Les parties ont été avisées à l'issue des débats que l'arrêt serait prononcé par sa mise à disposition au greffe
GREFFIER LORS DES DÉBATS :Anne-Sophie Joly
COMPOSITION DE LA COUR LORS DU DÉLIBÉRÉ
Yves benhamou, président de chambre
Catherine Convain, magistrat honoraire exerçant des fonctions juridictionnelles
Catherine Ménegaire, conseiller
ARRÊT REPUTE CONTRADICTOIRE prononcé publiquement par mise à disposition au greffe le 20 novembre 2025 (date indiquée à l'issue des débats) et signé par Yves Benhamou, président et Anne-Sophie Joly, greffier, auquel la minute a été remise par le magistrat signataire.
ORDONNANCE DE CLÔTURE DU 18 juin 2025
- FAITS, PROCÉDURE, PRÉTENTIONS ET MOYENS DES PARTIES:
Dans le cadre d'un démarchage à domicile, selon bon de commande en date du 3 décembre 2009, Mme [P] [V], épouse [S], et M. [J] [S] ont conclu avec la société par action simplifiée EVASOL un contrat afférent à la fourniture et la pose d'une installation photovoltaïque et d'un chauffe-eau pour un montant T.T.C de 27.000 euros, dans le cadre d'un démarchage à domicile.

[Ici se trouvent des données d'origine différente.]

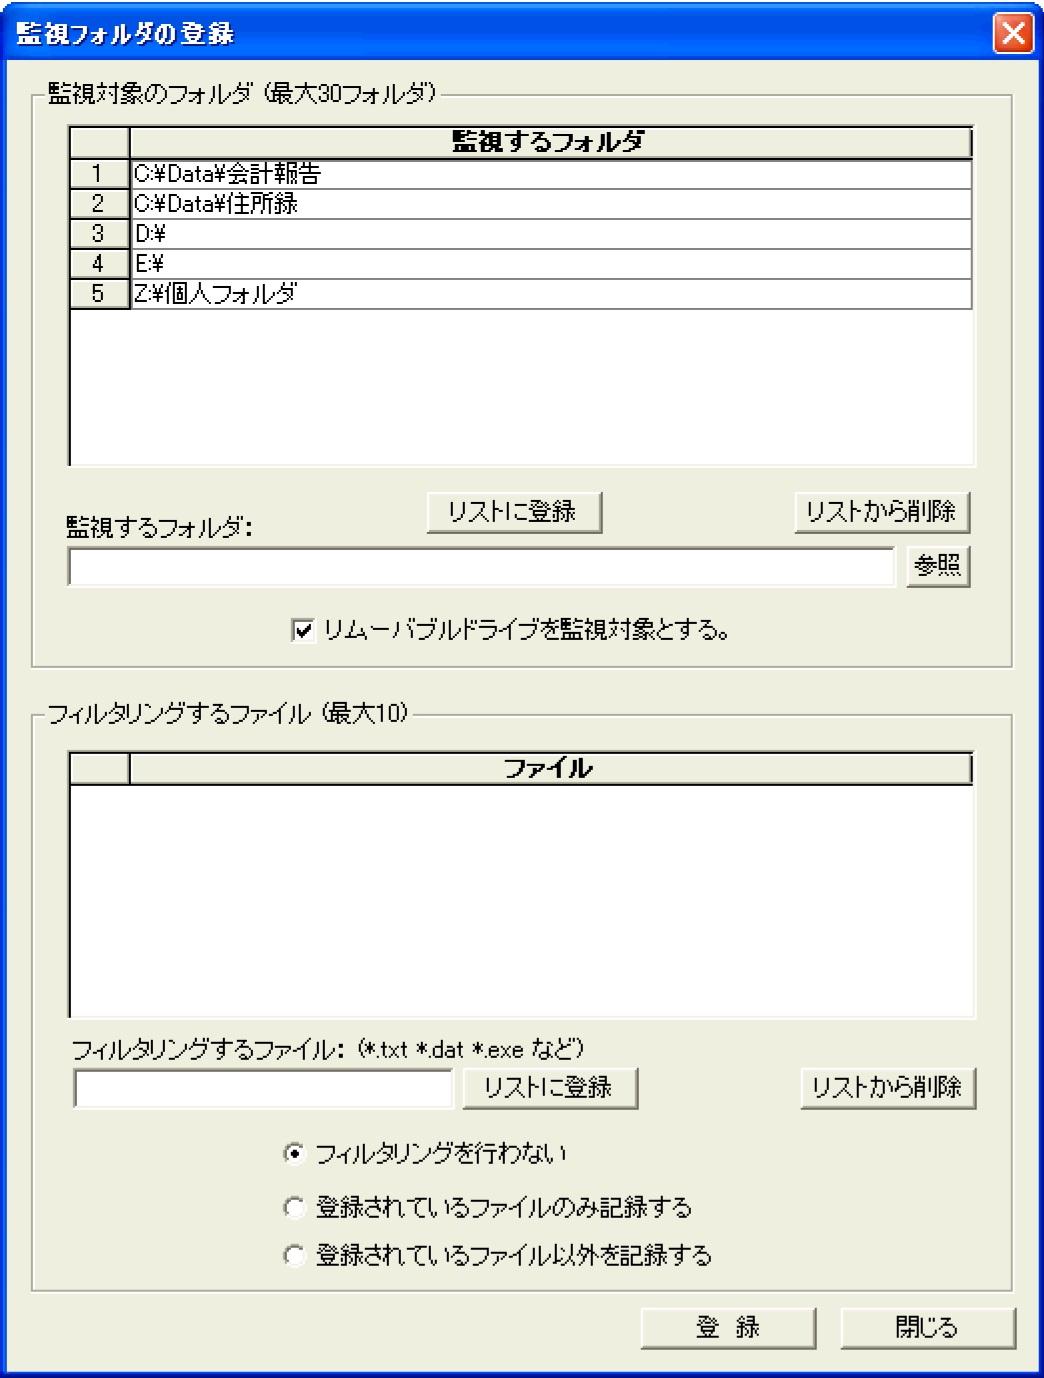 回収済みログの整理

Une telle installation a été partiellement financée au moyen d'un crédit affecté consenti selon offre préalable en date du 3 décembre 2009 par la SA GROUPE SOFEMO à Mme [P] [V], épouse [S], et M. [J] [S] auprès de la SA GROUPE SOFEMO à hauteur de 25.000 euros, au taux nominal annuel de 4,99%, remboursable en 180 mensualités de 210,70 euros chacune.
Par jugement du 7 septembre 2016, le tribunal de commerce de LYON a clôturé la procédure de liquidation judiciaire de la S.A.S. EVASOL pour insuftisance d'actifs.

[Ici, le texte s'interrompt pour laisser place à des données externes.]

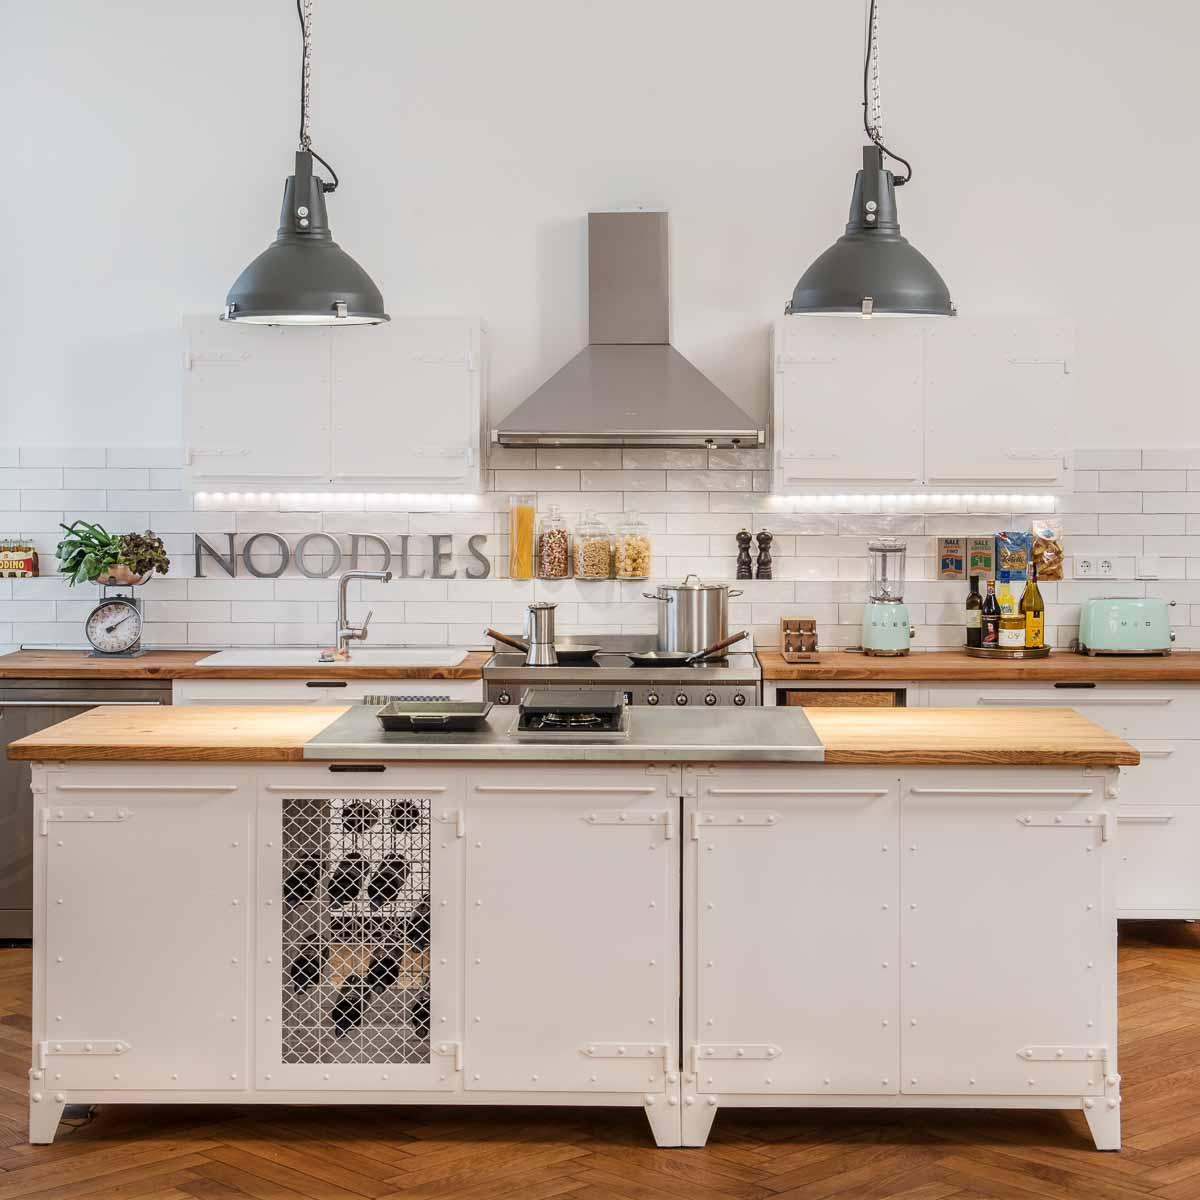 Authentic Kitchen by Noodles & Noodles

Par ordonnance du 5 mai 2022, le président du tribunal de commerce de Lyon a nommé la S.E.L.A.R.L. [F] [Z] es qualité de mandataire ad hoc de la S.A.S. EVASOL.

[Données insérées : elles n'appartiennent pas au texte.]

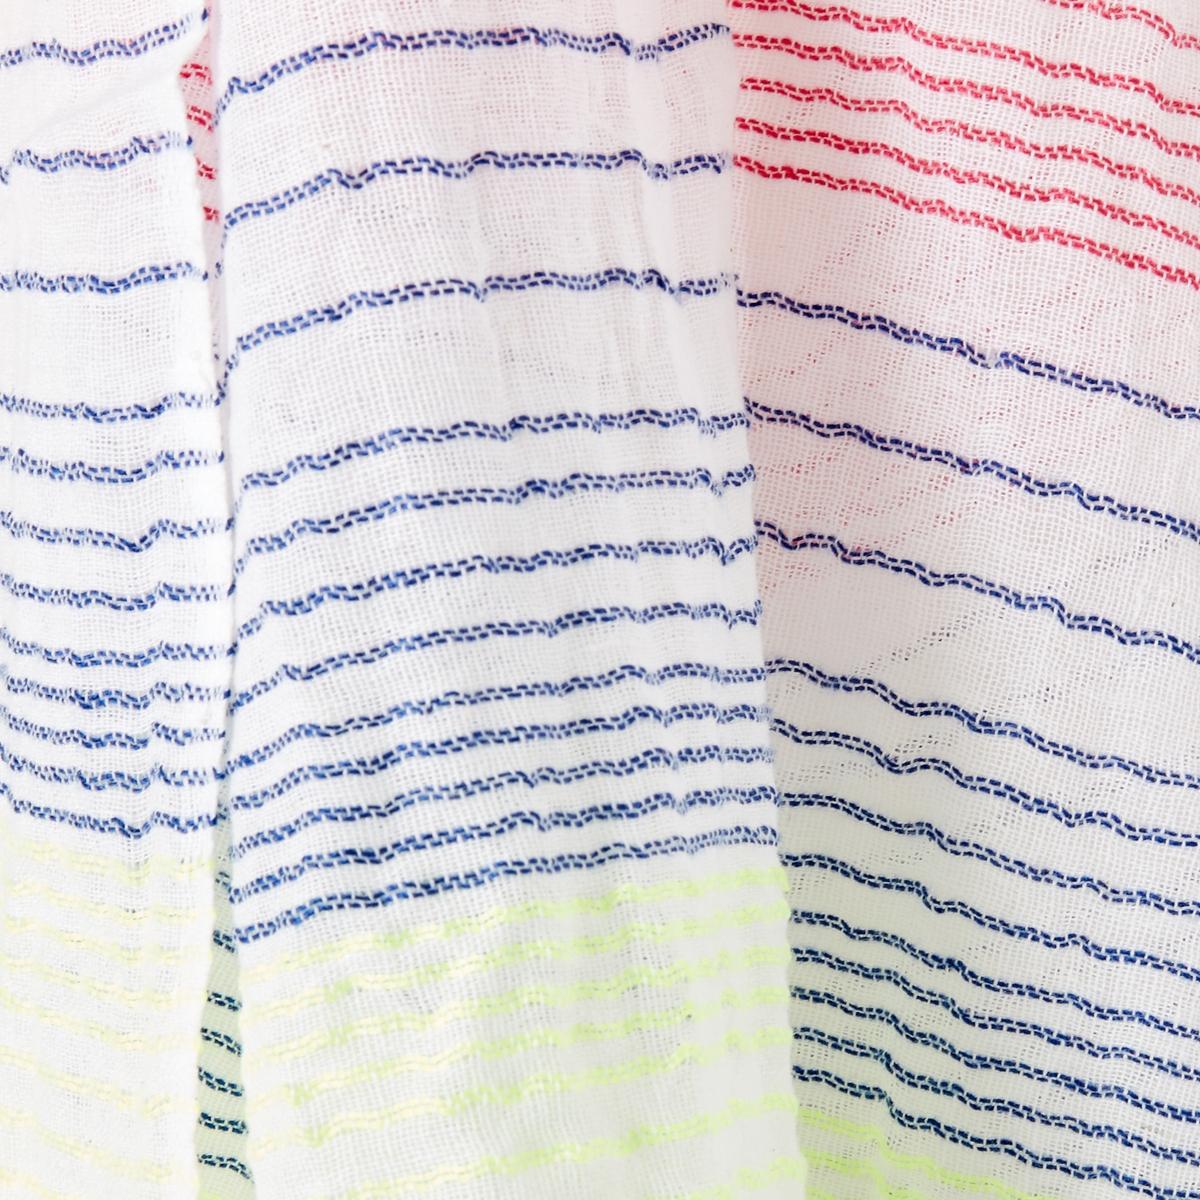 Платок в полоскуОписание:Платок с замечательным рисунком в тонкую блестящую полоску в богемном стиле. Платок можно сочетать с нашими любимыми джинсами! Состав и описание :Платок с рисунком. Рисунок в полоску.Флуоресцентные швы.Материал : полиэстерРазмер : 70 х 188 смУход :Следуйте рекомендациям по уходу, указанным на этикетке изделия.<br><br>Цвет: белый/яркий цвет

Par actes d'huissier de justice des 21 et 28 décembre 2022, Mme [P] [V], épouse [S], et M. [J] [S] ont fait assigner en justice la S.A. COFIDIS, venant aux droits de la S.A. GROUPE SOFEMO, et la S.E.L.A.R.L [F] [Z], es qualité de mandataire ad hoc de la S.A.S. EVASOL aux fins notamment de voir prononcer la nullité des contrats de vente et de crédit affecté.
Par jugement réputé contradictoire en date du 15 janvier 2024, le juge des contentieux de la protection du tribunal judiciaire de Lille, a:
- déclaré Mme [P] [V] épouse [S], et M. [J] [S] irrecevables en leurs demandes,
- condamné solidairement Mme [P] [V] épouse [S], et M. [J] [S] à payer à la S.A. COFIDIS la somme de 1.000 euros au titre des dispositions de l'article 700 du code de procédure civile,
- condamné in solidum Mme [P] [V] épouse [S], et M. [J] [S] aux dépens de l'instance,
- rappelé que l'exécution provisoire est de droit.
Par déclaration enregistrée au greffe de la cour le 26 mars 2024, Mme [P] [V] épouse [S], et M. [J] [S] ont interjeté appel de cette décision en toutes ses dispositions.
Vu les dernières conclusions de Mme [P] [V] épouse [S], et M. [J] [S] en date du 26 juin 2024, et tendant à voir:
- INFIRMER le jugement entrepris purement et simplement.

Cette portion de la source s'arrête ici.